Roman étrange au rythme atypique, alternance de scènes haletantes et suffocantes qui ne sont pas sans rappeler le meilleur de David Vann, et de longs passages contemplatifs voire méditatifs, Peindre pêcher et laisser mourir est un livre qui vous hante bizarrement, qui vous charme, puis vous ennuie vaguement parfois avant de vous scotcher à nouveau à votre siège. Il y a une lenteur volontaire, presque décalée dans cette chasse à l’homme qui donne le premier rôle à la nature. Je regrette seulement la fin du livre que je n’ai pas trouvée à la hauteur du reste. Dommage, pas grave, car il y a quelque chose chez Peter Heller qui me donne envie de le suivre où qu’il aille, surtout si c’est au cœur d’une Amérique coincée entre une toile et un flingue.

Peindre, pêcher & laisser mourir, Peter Heller, éditions Actes Sud

8 comments

  1. Bon je lis en diagonale parce qu’il m’attend pour bientôt …..mais David Vann !!! Youhou tralala et tutti quantti …..!
    Ps : j’ai douloureusement conscience de la vacuité de ce commentaire ……

  2. moi aussi j’ai pensé au titre du films des frères Larrieu, dont doit être fan le traducteur, vu qu’en VO c’est « The Painter », ce qui claque quand même moins… (j’aime bien aussi le titre de film « Ivre de femmes et de peinture », dans le même genre)

    sinon tu as aussi « Boire Fumer et Conduire Vite » de Philippe Lelouche avec Vanessa Demouy ^^

  3. Joli billet 🙂 j’avais beaucoup aimé La Constellation du chien. J’ai déjà repéré son nouveau roman en librairie avec ce curieux titre. Je me laisserai sans doute tenter car ton billet m’a beaucoup intriguée!

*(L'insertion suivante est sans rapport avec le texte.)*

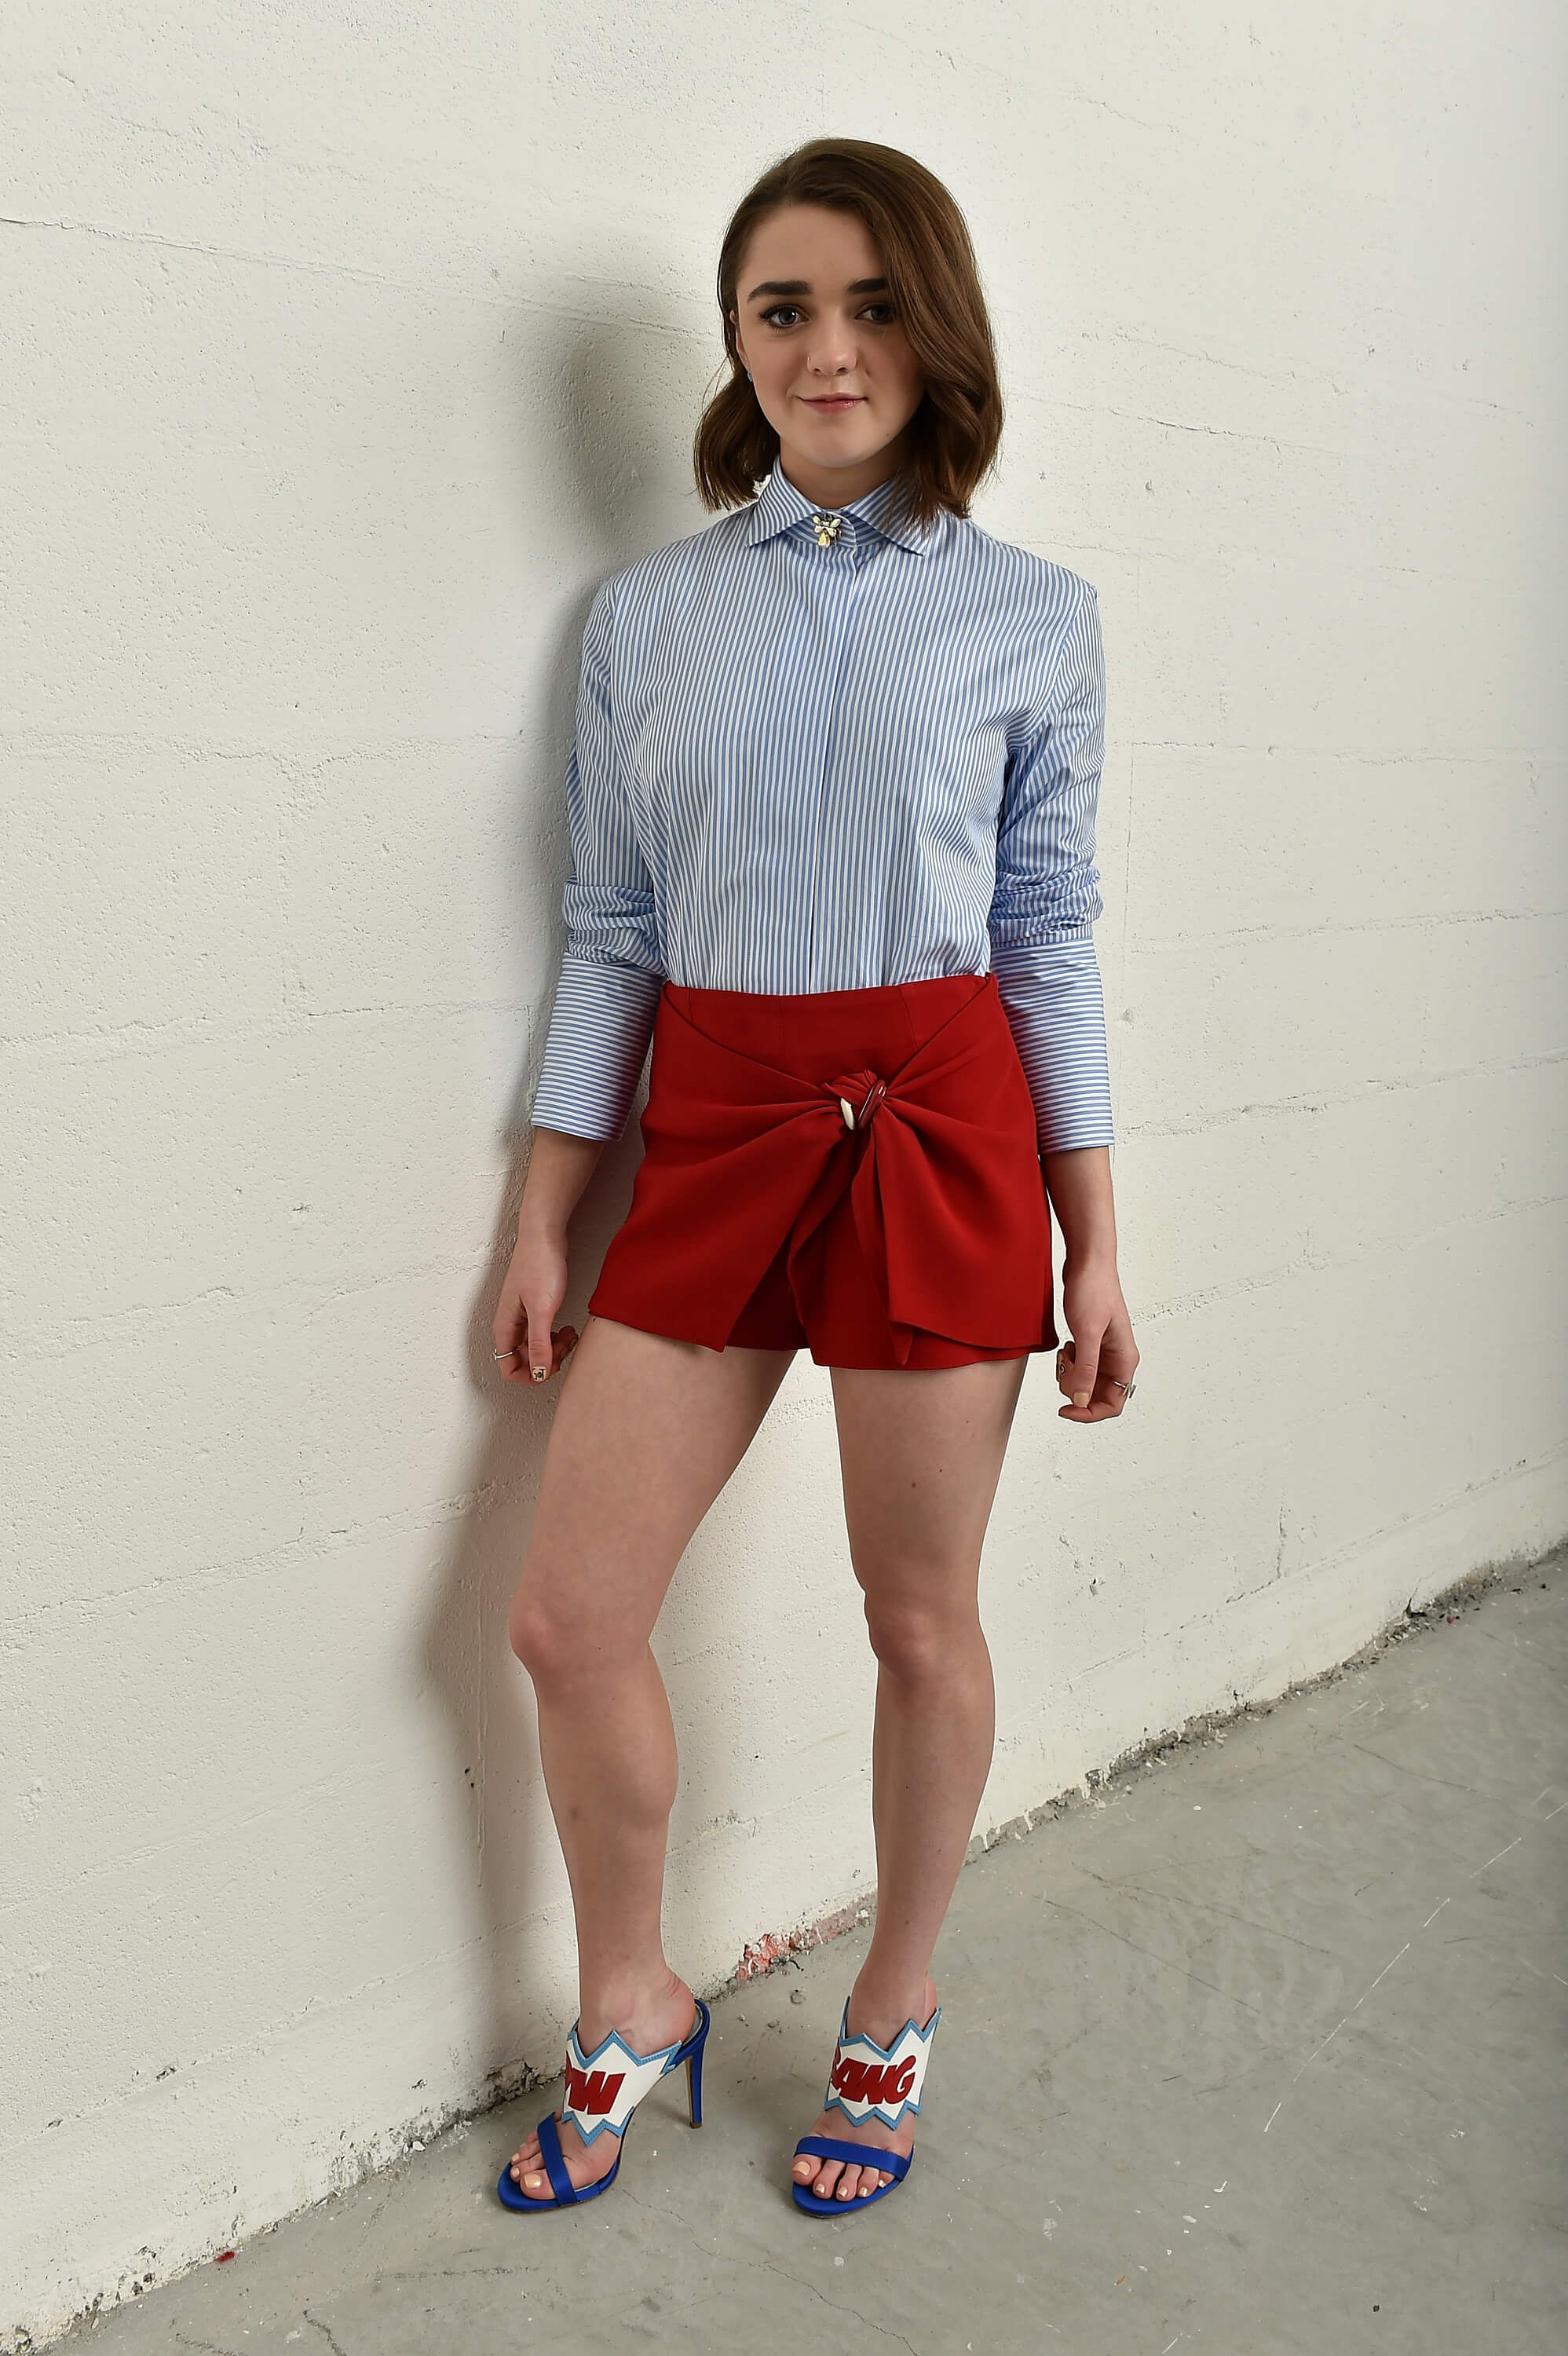 49 Hottest Maisie Williams Bikini Pictures Prove That She Is As Sexy As

  4. Personnellement, apres toute cette tension et cette colère, j’ai adoré la fin. Jason sait ce qu’il fait, ce ne sera facile pour personne. Bien aimé ton billet. Je me suis aussi un peu ennuyee sur quelques passages(les courses poursuites…) , mais finalement, la psychologie de cet homme furieux et blessé me restera. Et sa peinture.

  5. Coucou!

    J’ai lu ce livre cette année et il me hante depuis. J’ai essayé la constellation du chien mais ça n’a pas trop bien marché. ..par contre je rêve quelque de quelque chose dans le même genre que the painter… quelque chose dans la nature, contemplatif et de rugueux à la fois. Et puis des grands espaces… tu as une idée pour moi?

    Grand merci!

    1. Bonjour Julien, désolé de ne pas avoir répondu plus vite. Il y a une collection chez Gallmeister dont à peu près tous les livres devraient te plaire, que tu connais peut-être déjà, c’est la collection Nature writing, un genre à part entière qui fait la part belle aux grands espaces sans oublier le côté rugueux.